Edmund Phelps, winner of a Nobel Prize for economics, is in Shenzhen to advise officials on how to develop international expertise and expand the nation's talent pool. Former US Treasury secretary Robert Rubin gave a talk at the JW Marriott in Hong Kong last night on the perils facing the US and global economies.
Meanwhile, John Nash, the mathematician who won a Nobel Prize for economics for his work in game theory, is in town again, for the umpteenth time. Indeed, since the release of the Hollywood blockbuster A Beautiful Mind, Professor Nash seems to have made junket trips to the city an annual ritual.
Another Nobel laureate, Michael Spence, was in Hong Kong last month helping to run the Fung Global Institute, a think tank.

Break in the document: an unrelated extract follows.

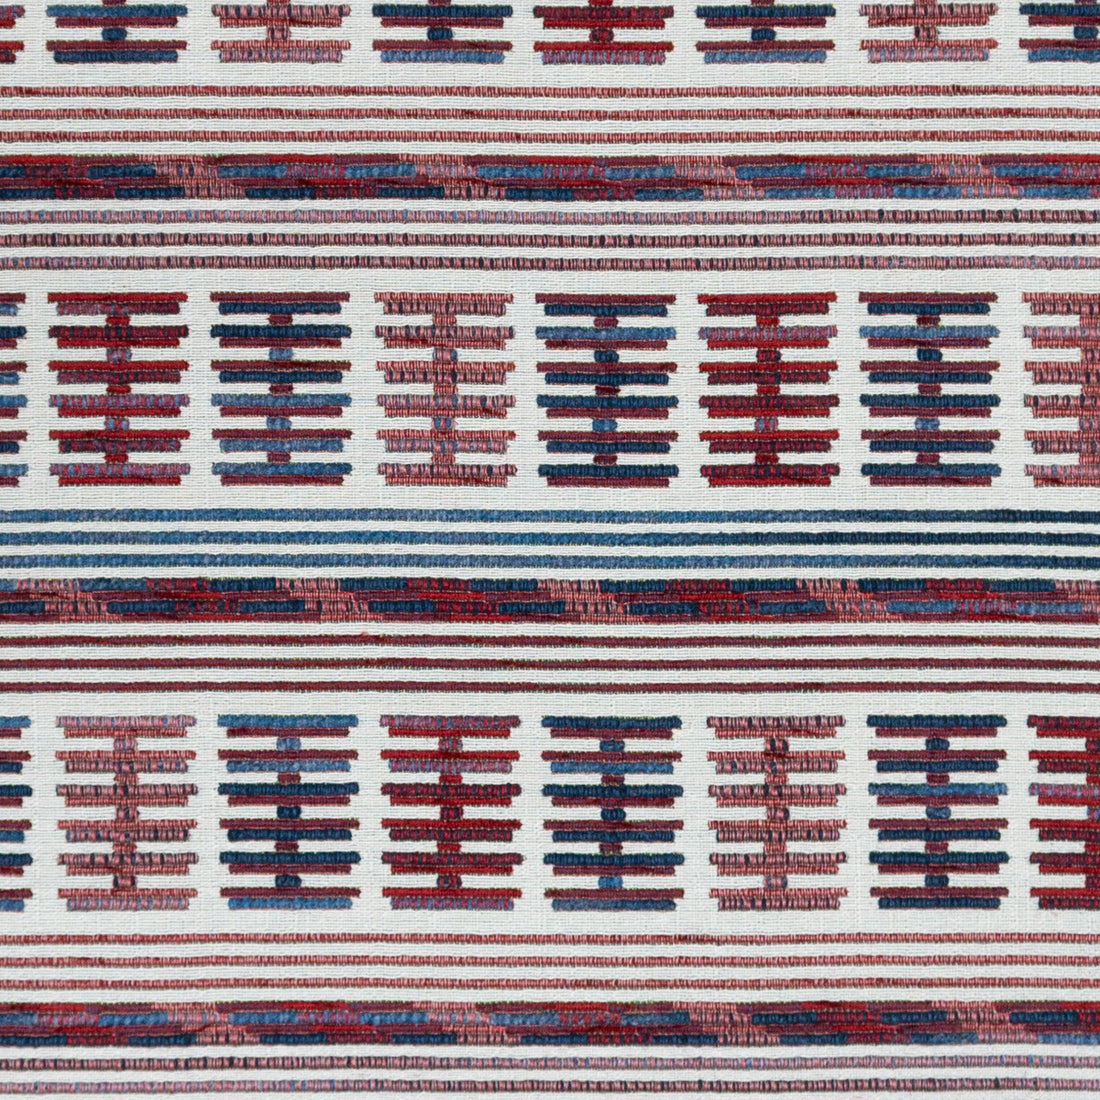 Toro Sentado fabric in azul/rojo color - pattern GDT5657.003.0 - by Gaston y Daniela in the Gaston Rio Grande collection
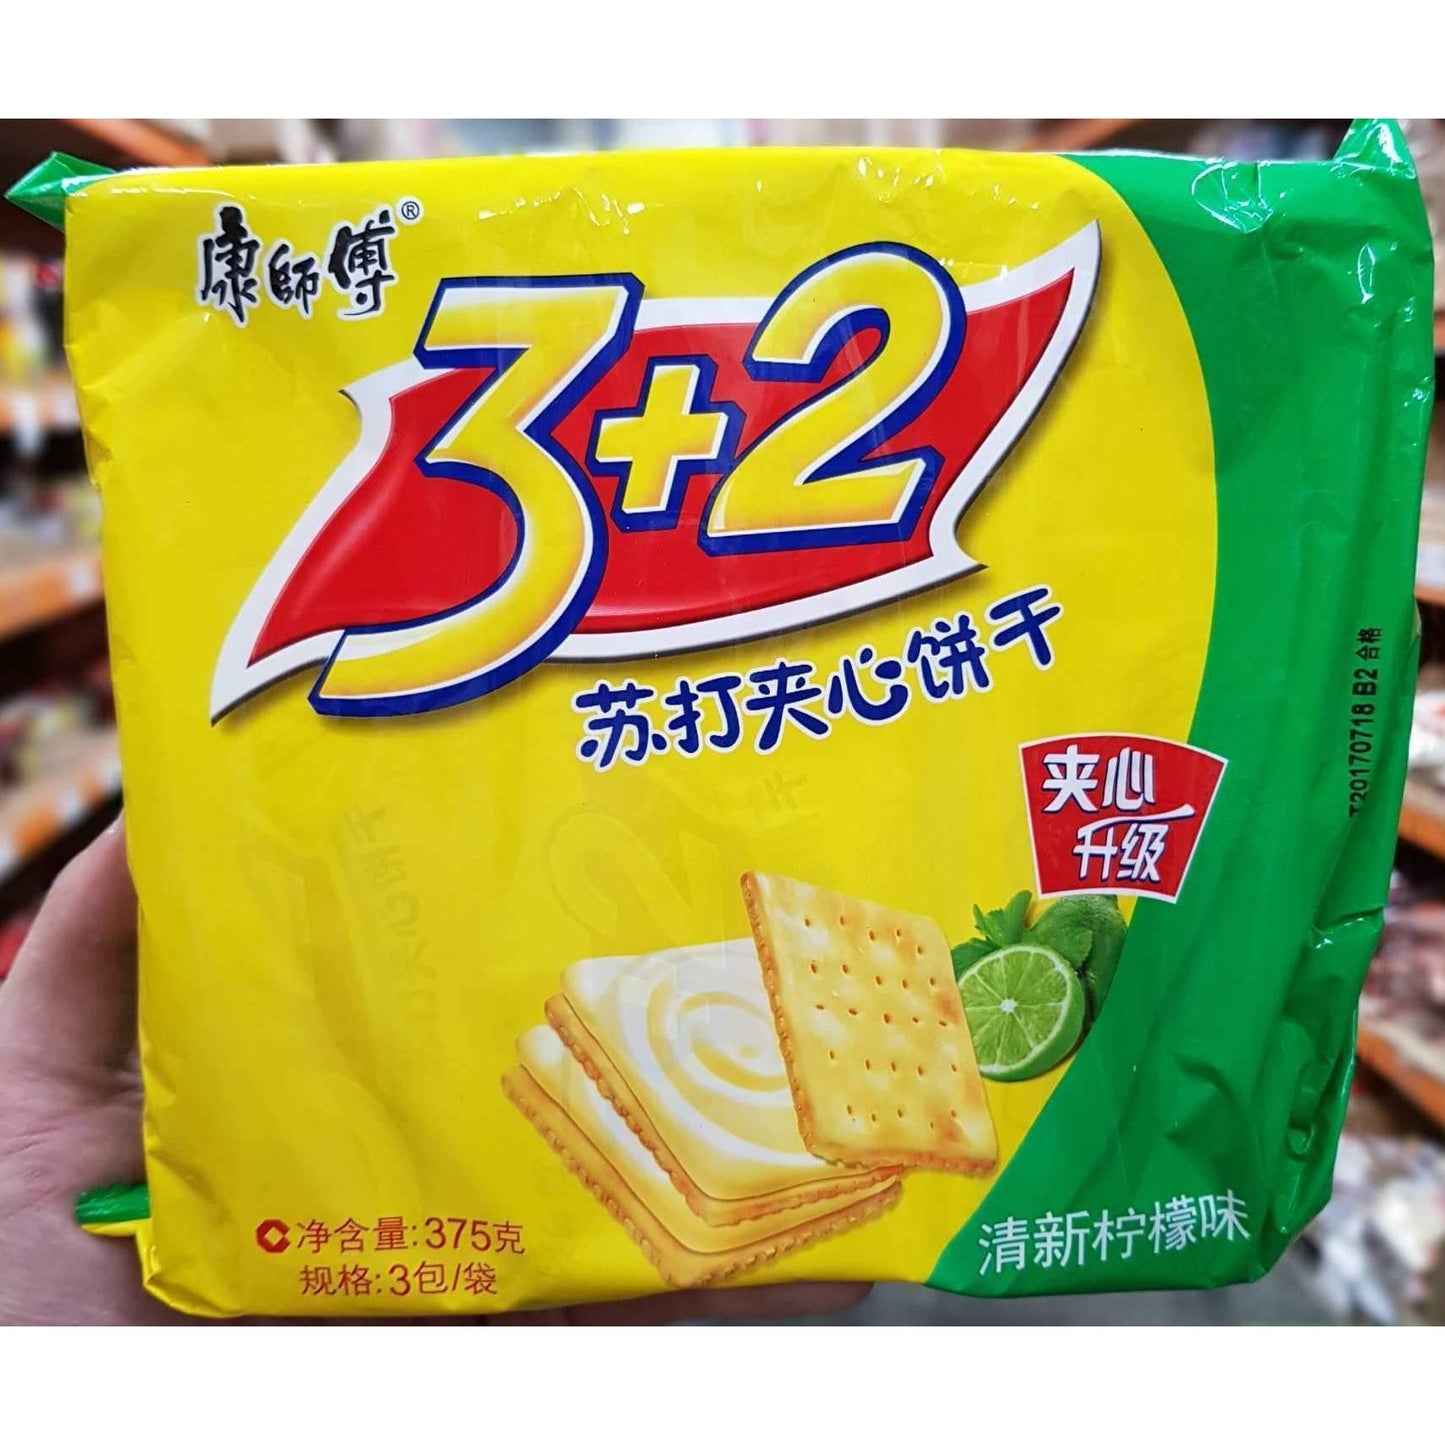 C036L- Kon Lemon Flavour Cracker 375g 16PKT/ 1 CTN - New Eastland Pty Ltd - Asian food wholesalers

Little wonder. Chinese love to roll out the red carpet, offer first-class tickets and book six-star hotels for such wise men ever so ready to share their wisdom with people from still developing economies.
It does seem a bit strange. Spence and Phelps are expert theoreticians in economic growth, while China actually delivered double-digit growth, year after year, for more than two decades.
Rubin was a senior adviser to Citigroup while it came crashing down and had to be bailed out repeatedly during the financial crisis. As treasury chief, he also presided over financial deregulation widely blamed for triggering the crisis.
The US economy is in the doldrums, but come rain or shine, America is never short of financial gurus. How's that for soft power?